Japan’s stately traditional kabuki theater yesterday resumed performances after a five-month break due to COVID-19, with musicians in masks, actors farther apart on stage and only half the usual number of seats.
The reopening of Tokyo’s famed Kabukiza Theatre, which called off performances from March due to the spread of COVID-19, came even as new cases have spiked to record highs around the country.
“We’re reopening based on guidelines from infectious disease experts, paying attention to audience safety from the time they enter until the time they leave,” Kabukiza manager Yoshitaka Hashimoto said at a Friday preview for journalists.
Photo: Reuters
Onstage, the number of musicians is limited and all wear draped black cloth masks from nose to chest.

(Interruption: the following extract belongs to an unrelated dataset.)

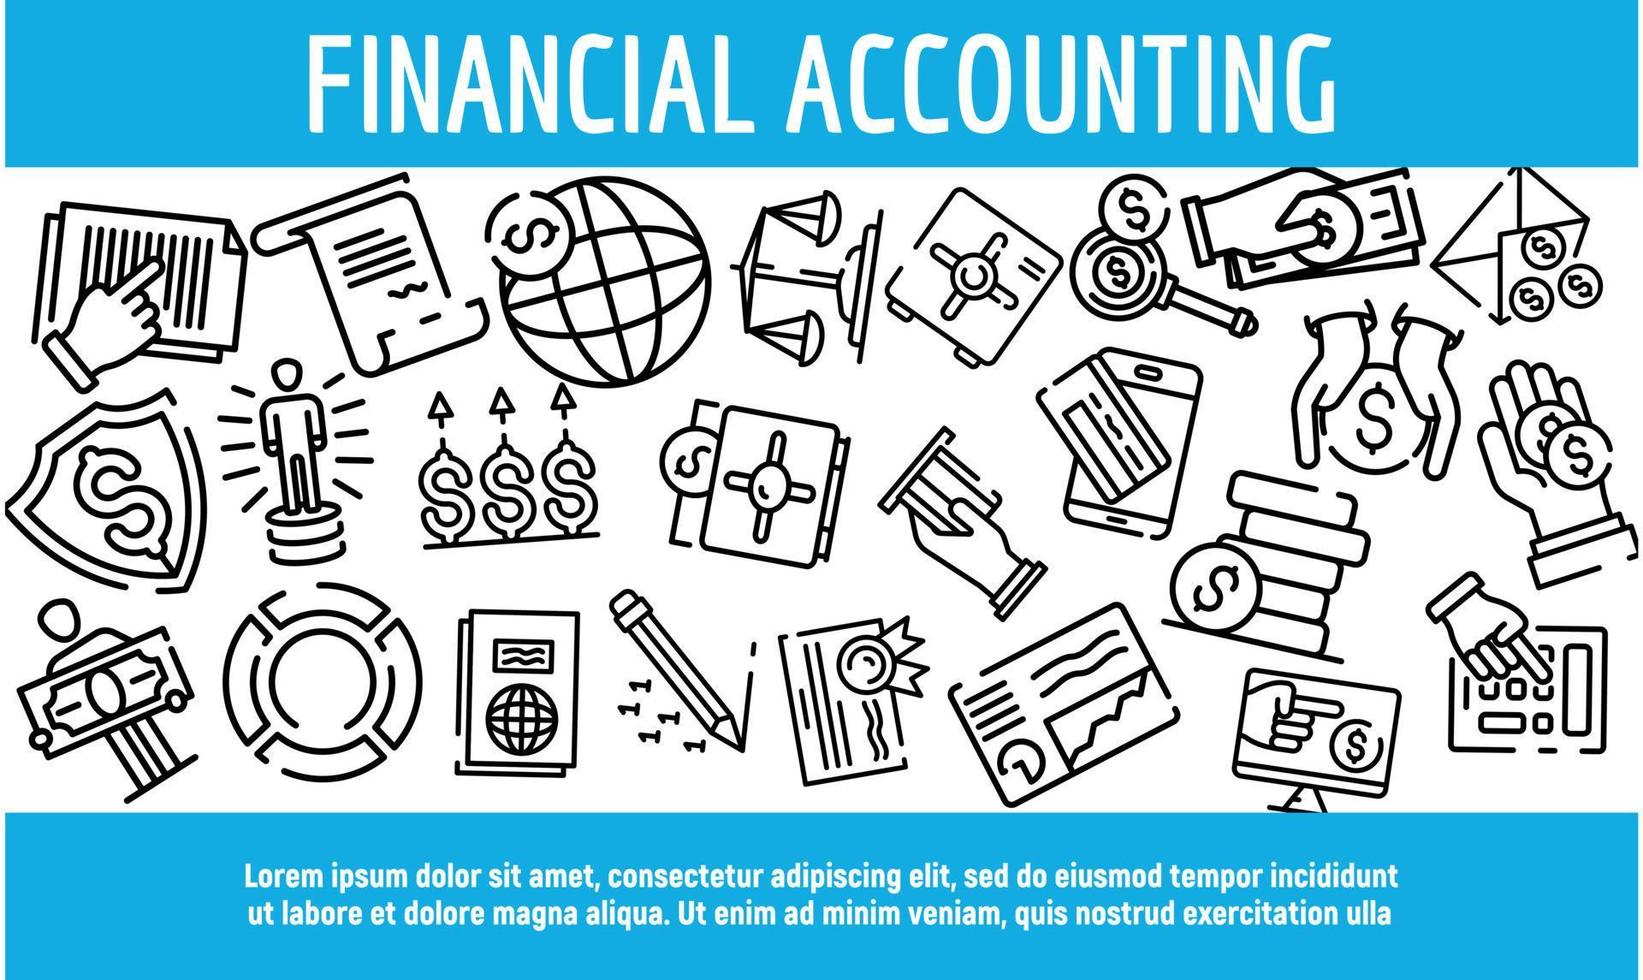 Financial accounting banner, outline style vector

Performers stand farther back on stage and keep a greater than normal distance from each other.
Actors and staff are completely different for each act, to shorten contact.
Although the traditional black-dressed stage assistants who approach the performers most closely wore masks and face shields during a rehearsal, the company that runs the theater said they wore only masks from yesterday’s performance because the shields apparently made their job harder to do.
Audience members face temperature checks at the entrance and must wear masks. Seats are roped off so fewer than half are usable, and the auditorium is to be sterilized between each act.
Eating boxed lunches between acts, a long cherished kabuki custom, is currently prohibited.
Tokyo on Friday confirmed a record 463 cases and Governor Yuriko Koike warned that the capital could declare a state of emergency should things deteriorate further, a situation Hashimoto said they are reluctantly keeping in mind.
“Of course if there are limits and requests from the government, we’ll ... look into a different form of performing — which might mean halting partway through the run,” he said.
Chiaki Sakurai, a 46-year-old Tokyo resident who usually watches kabuki two or three times a month and was dressed in a green kimono, said she was grateful and excited.
“To say nothing good has happened the last five months may be an exaggeration, but I feel as if I’ve finally come back to life,” she added.
About 1,000 people have died in Japan due to COVID-19.